Top of Supplied material
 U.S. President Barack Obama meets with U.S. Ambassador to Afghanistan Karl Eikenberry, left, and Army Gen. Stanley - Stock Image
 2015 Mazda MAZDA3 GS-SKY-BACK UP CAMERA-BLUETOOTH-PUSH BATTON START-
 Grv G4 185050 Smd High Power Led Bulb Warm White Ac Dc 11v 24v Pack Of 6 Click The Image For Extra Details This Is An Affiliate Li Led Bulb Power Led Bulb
Bottom of Supplied material
Top of Supplied material
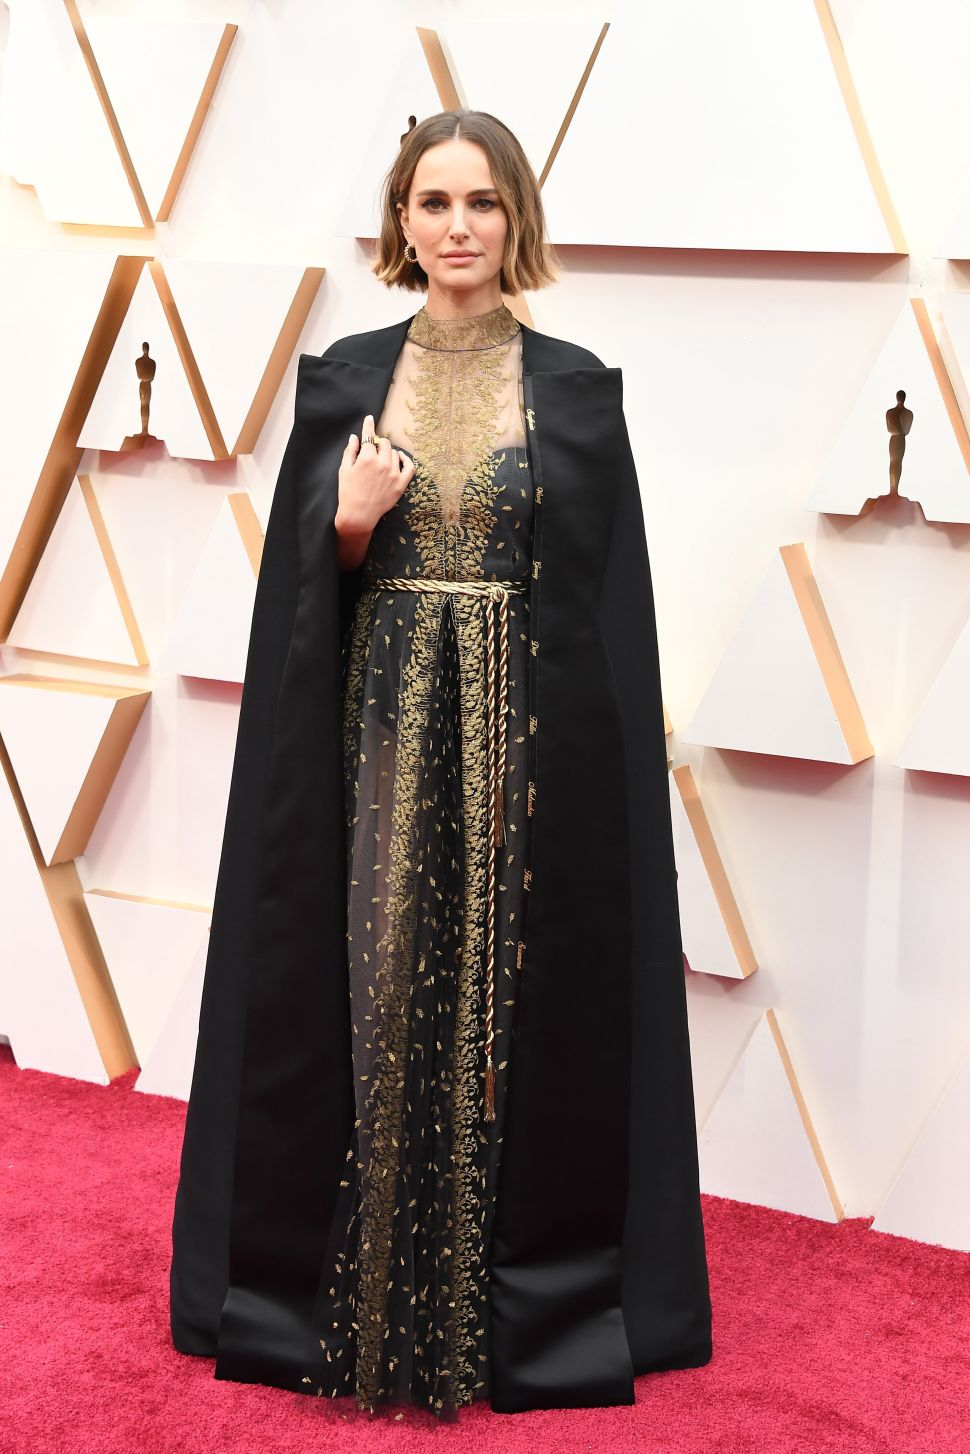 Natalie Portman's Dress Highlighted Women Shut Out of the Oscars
Bottom of Supplied material
Top of Supplied material
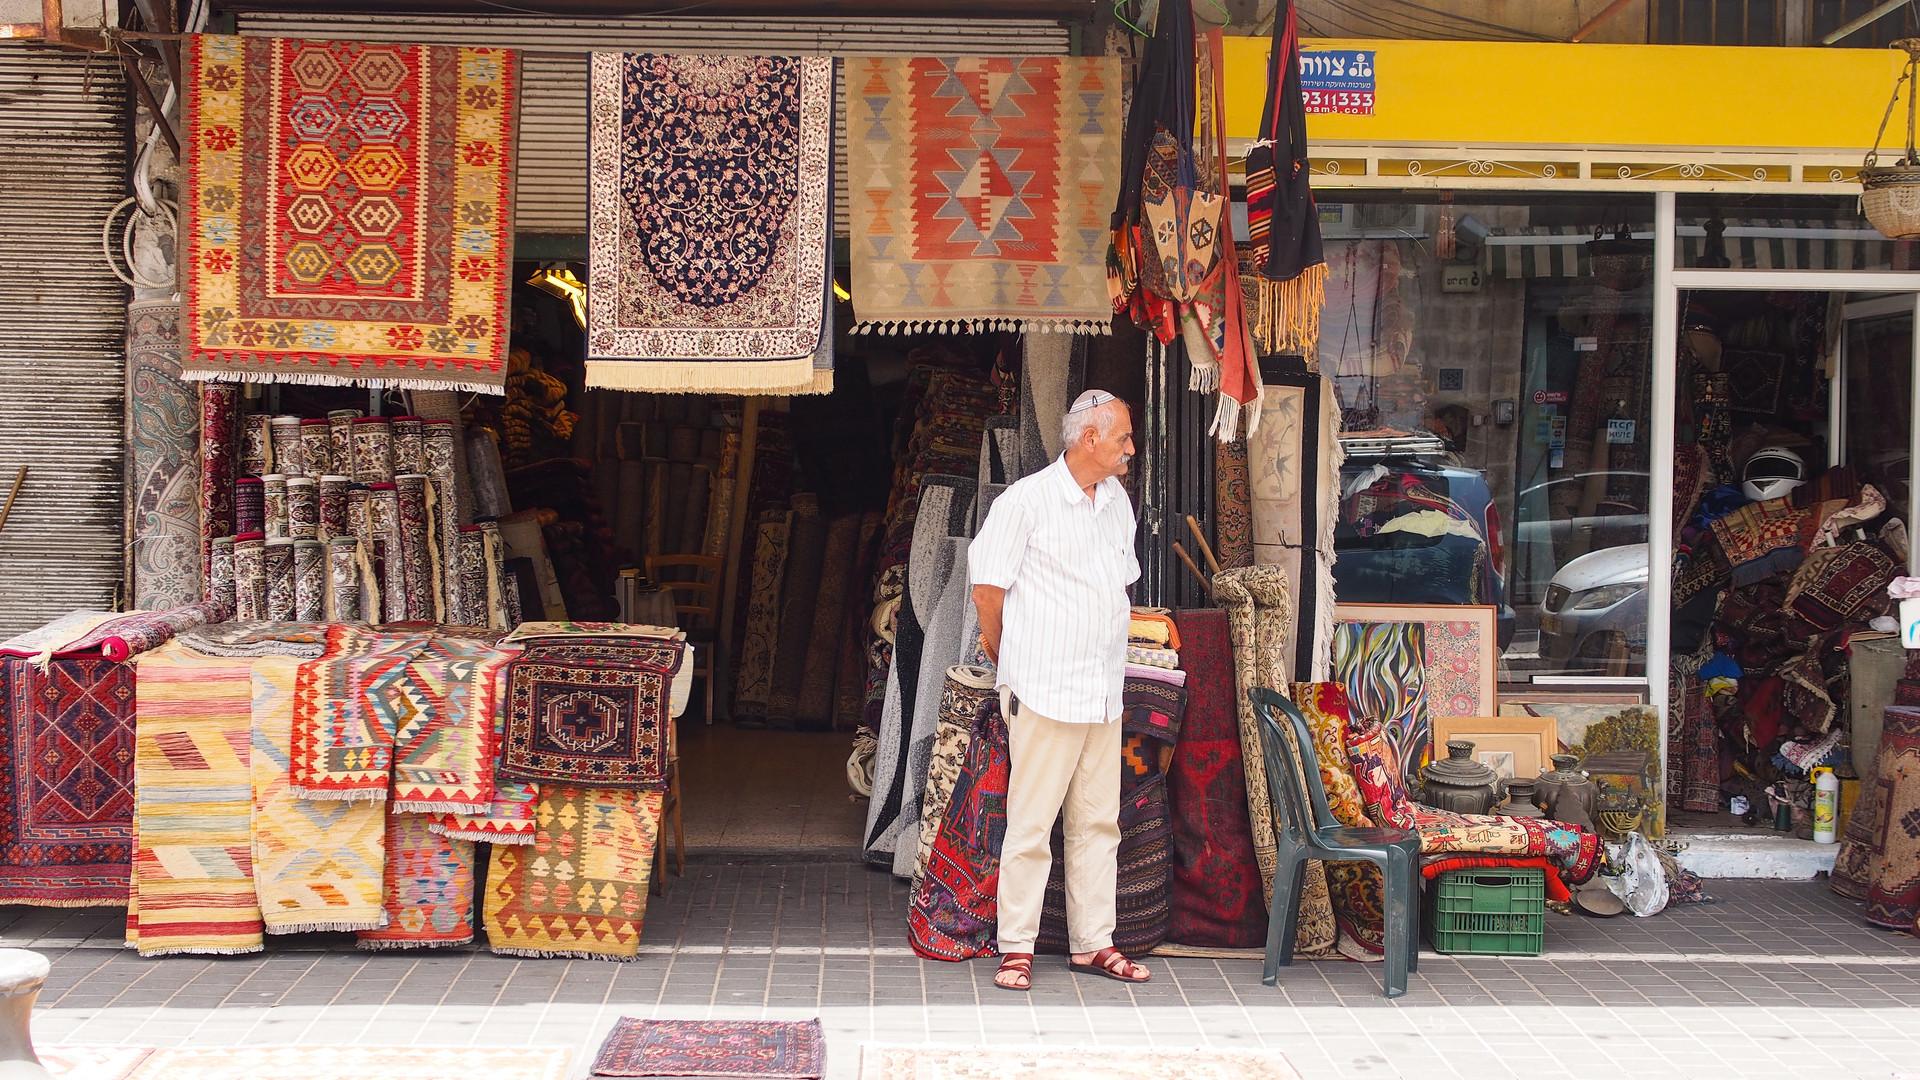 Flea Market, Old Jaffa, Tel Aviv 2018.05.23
Bottom of Supplied material
● Exercise details:
Copy the lines of the data above exactly as written, beginning with the line containing "U.S. President Barack" and ending with the line containing "Grv G4 185050", and leave out all other lines.

● Answer section:
 U.S. President Barack Obama meets with U.S. Ambassador to Afghanistan Karl Eikenberry, left, and Army Gen. Stanley - Stock Image
 2015 Mazda MAZDA3 GS-SKY-BACK UP CAMERA-BLUETOOTH-PUSH BATTON START-
 Grv G4 185050 Smd High Power Led Bulb Warm White Ac Dc 11v 24v Pack Of 6 Click The Image For Extra Details This Is An Affiliate Li Led Bulb Power Led Bulb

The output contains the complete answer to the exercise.